Data extract:
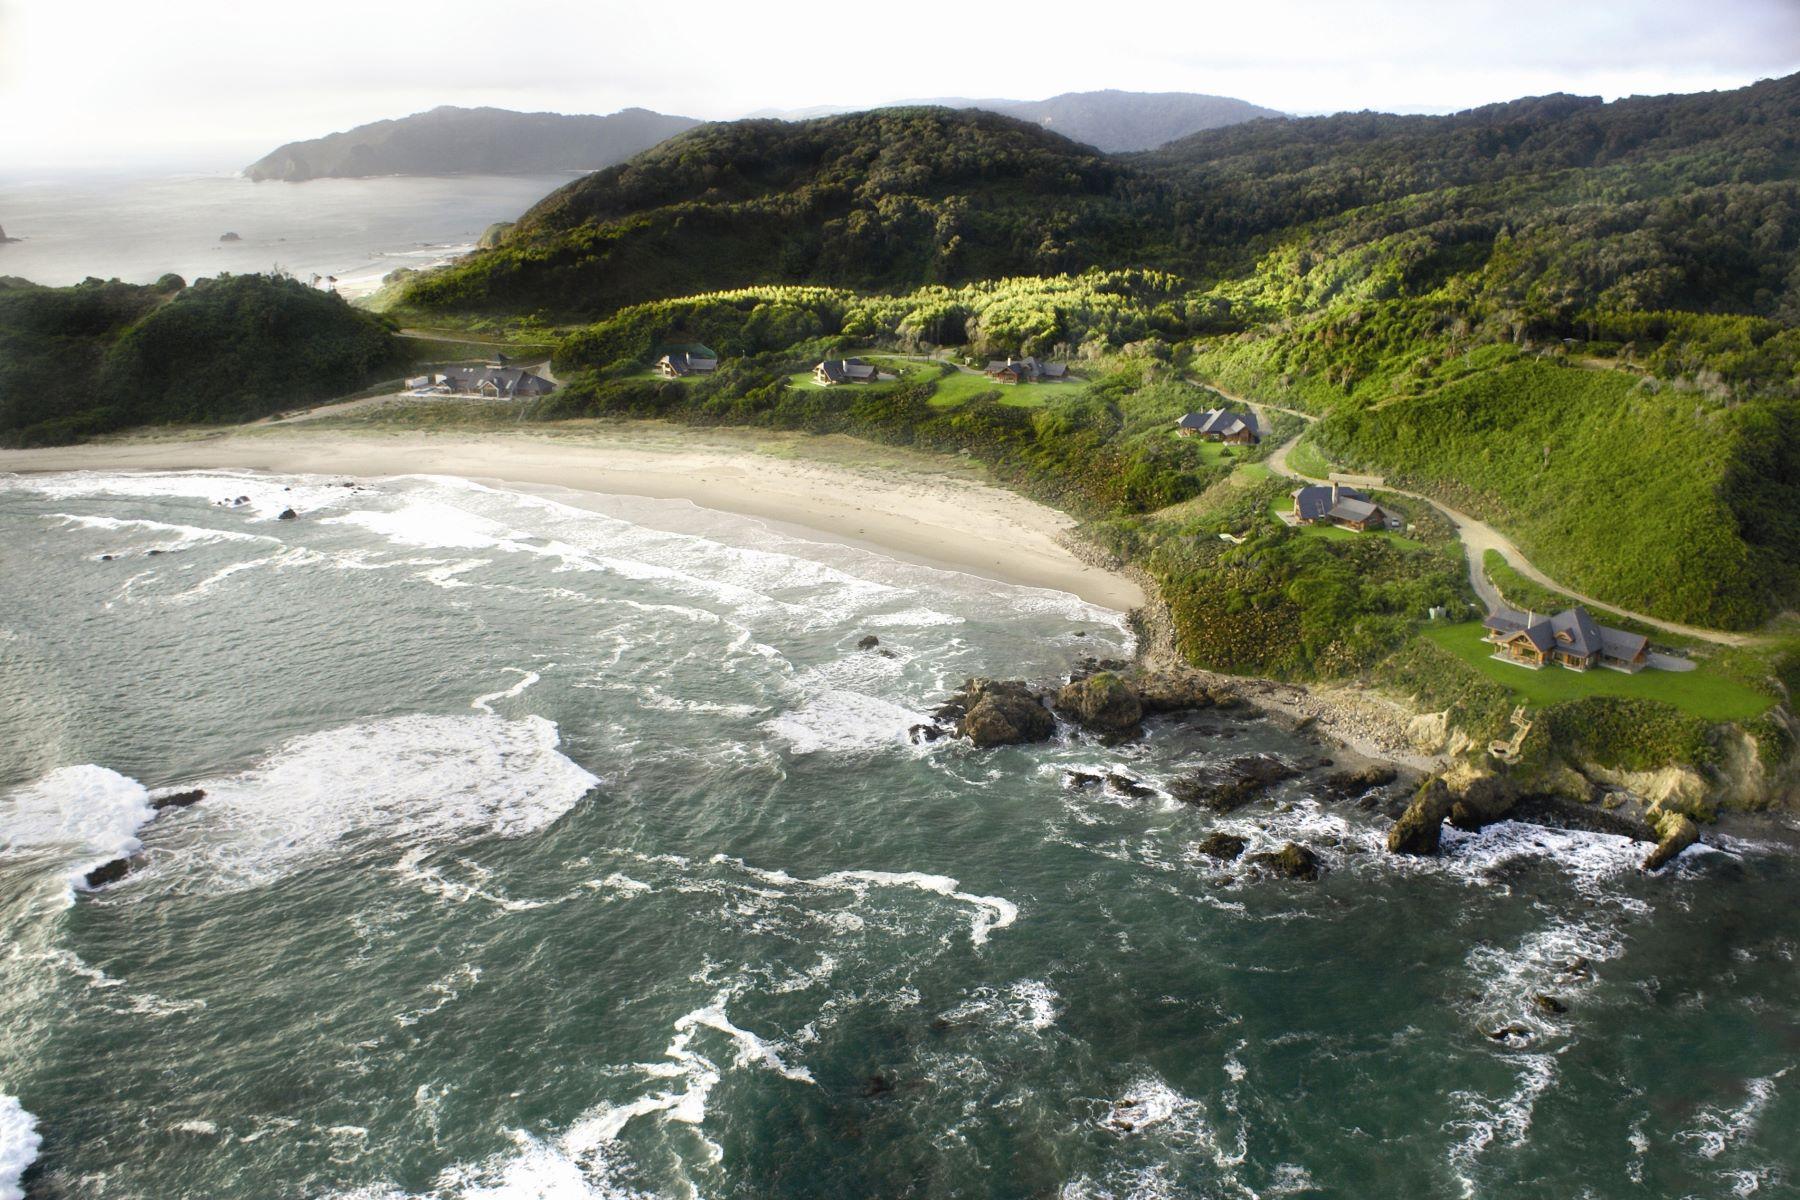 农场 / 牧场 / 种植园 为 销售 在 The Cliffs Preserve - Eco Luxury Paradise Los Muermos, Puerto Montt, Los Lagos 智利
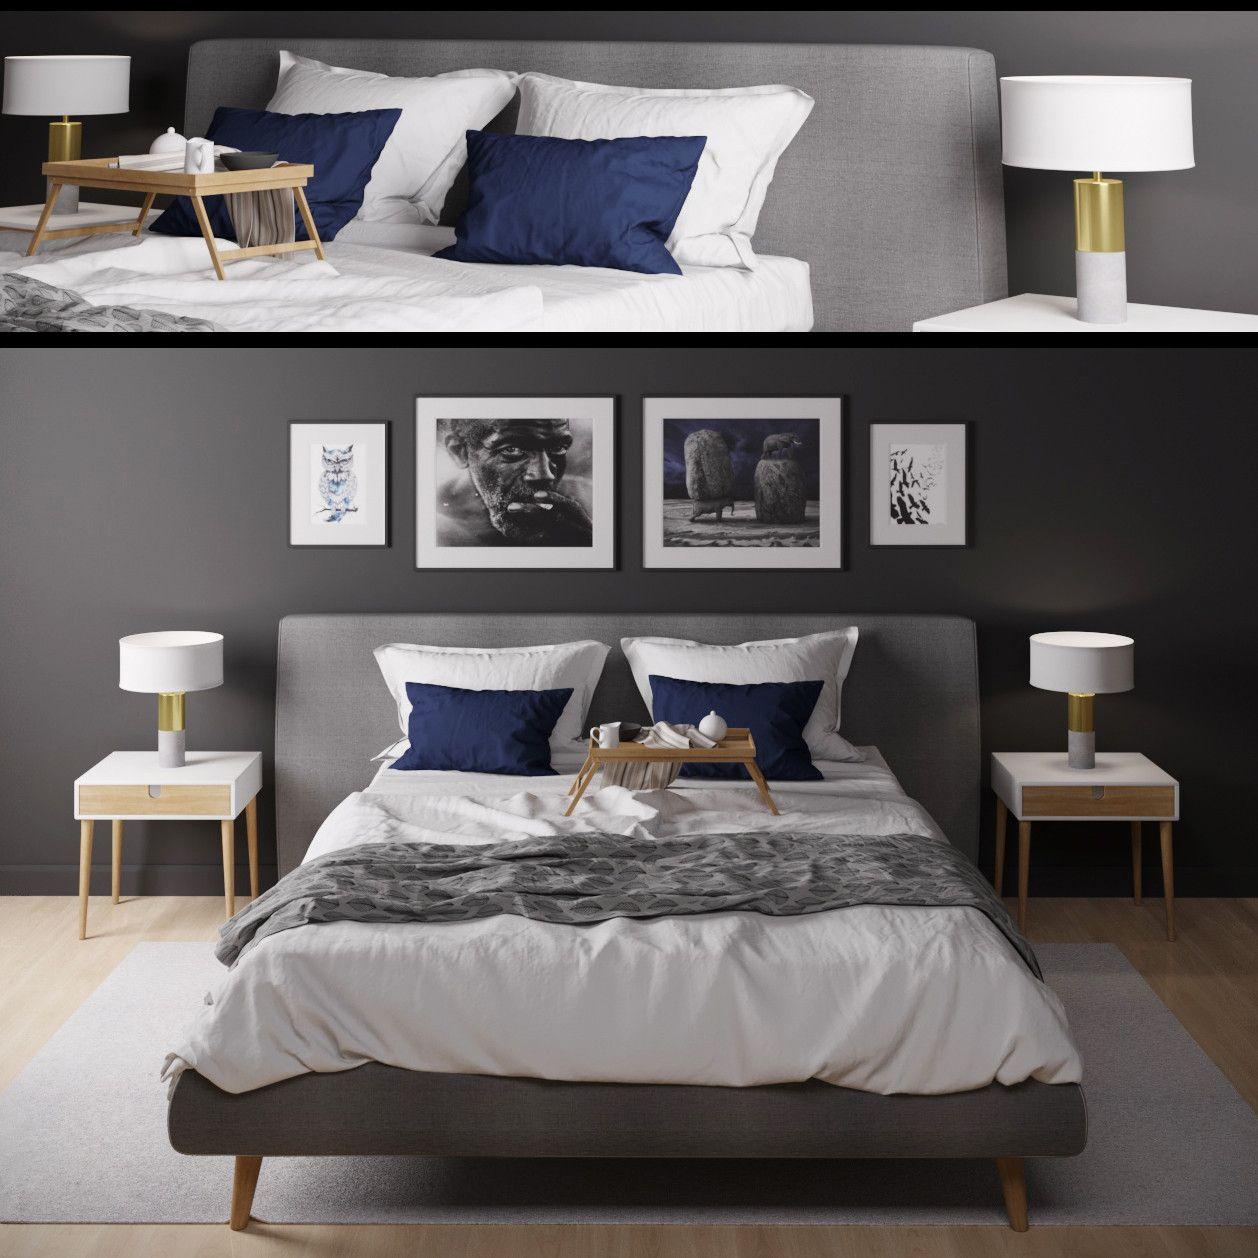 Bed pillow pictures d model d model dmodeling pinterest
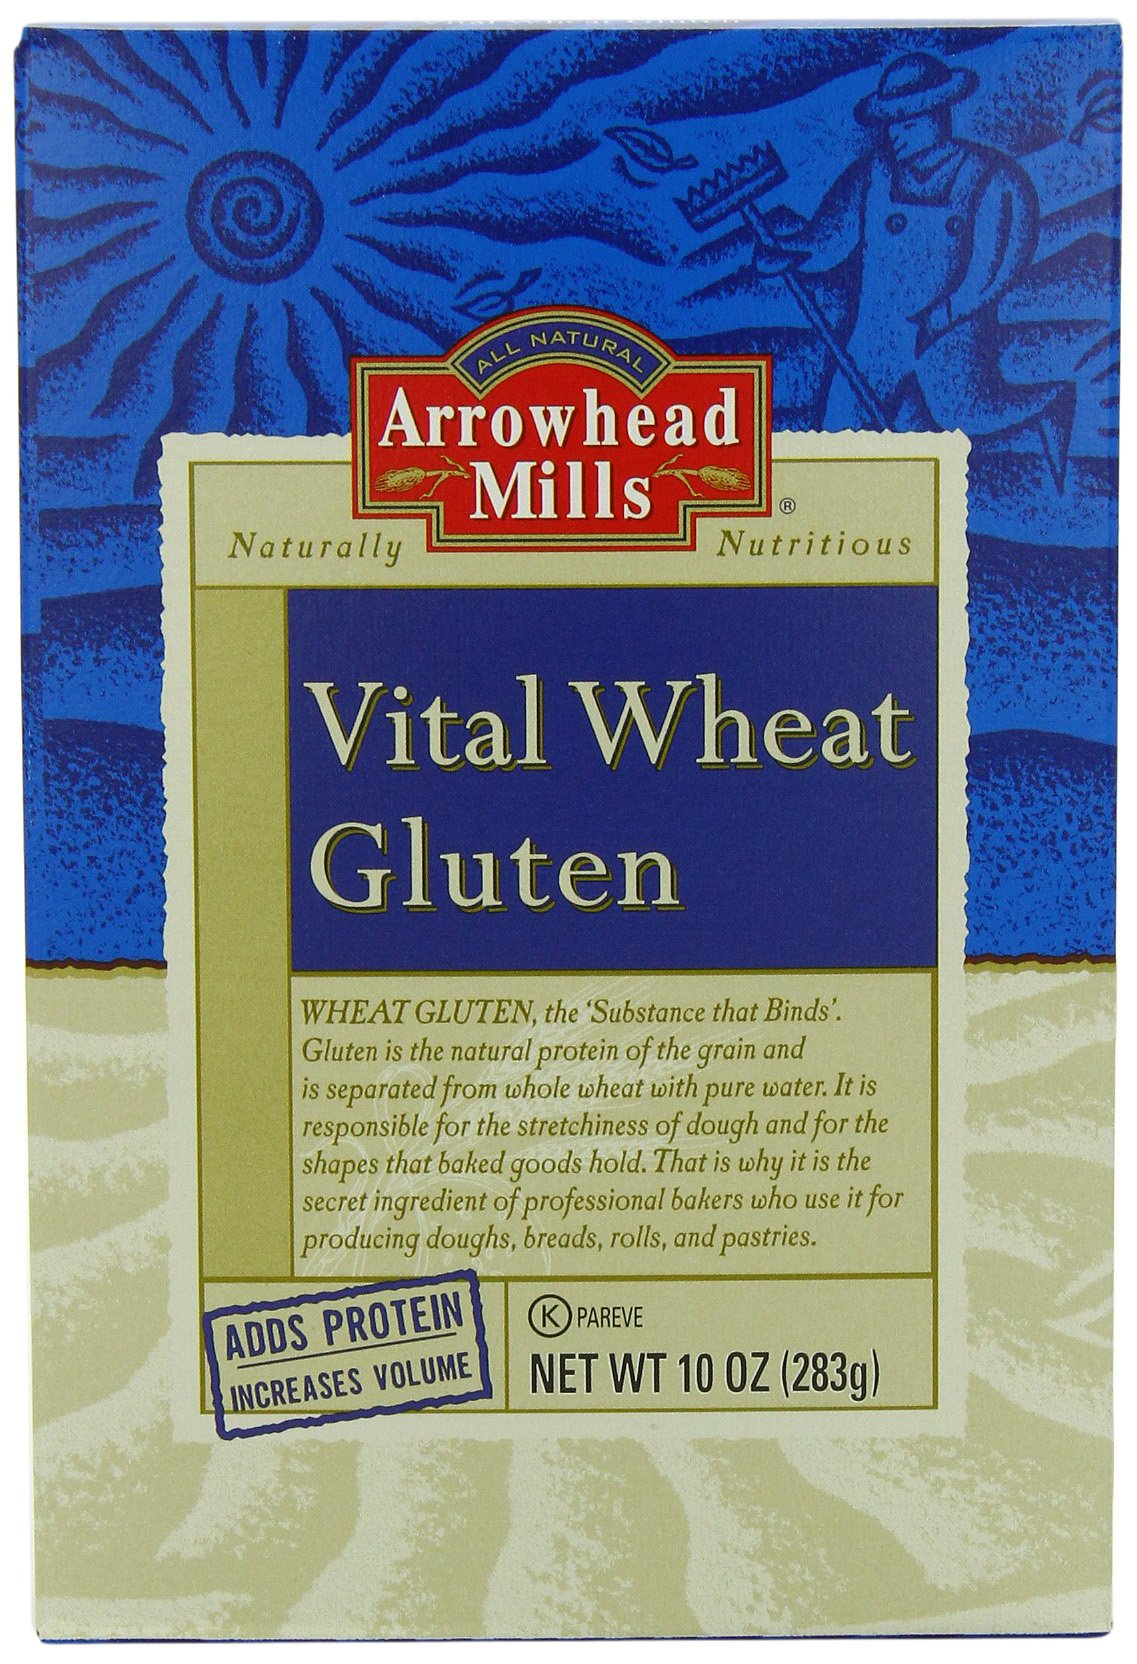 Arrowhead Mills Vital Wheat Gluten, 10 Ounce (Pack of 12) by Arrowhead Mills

What to work on: Once the images are dropped, set down the remaining material word for word.

Exercise solution:
 农场 / 牧场 / 种植园 为 销售 在 The Cliffs Preserve - Eco Luxury Paradise Los Muermos, Puerto Montt, Los Lagos 智利
 Bed pillow pictures d model d model dmodeling pinterest
 Arrowhead Mills Vital Wheat Gluten, 10 Ounce (Pack of 12) by Arrowhead Mills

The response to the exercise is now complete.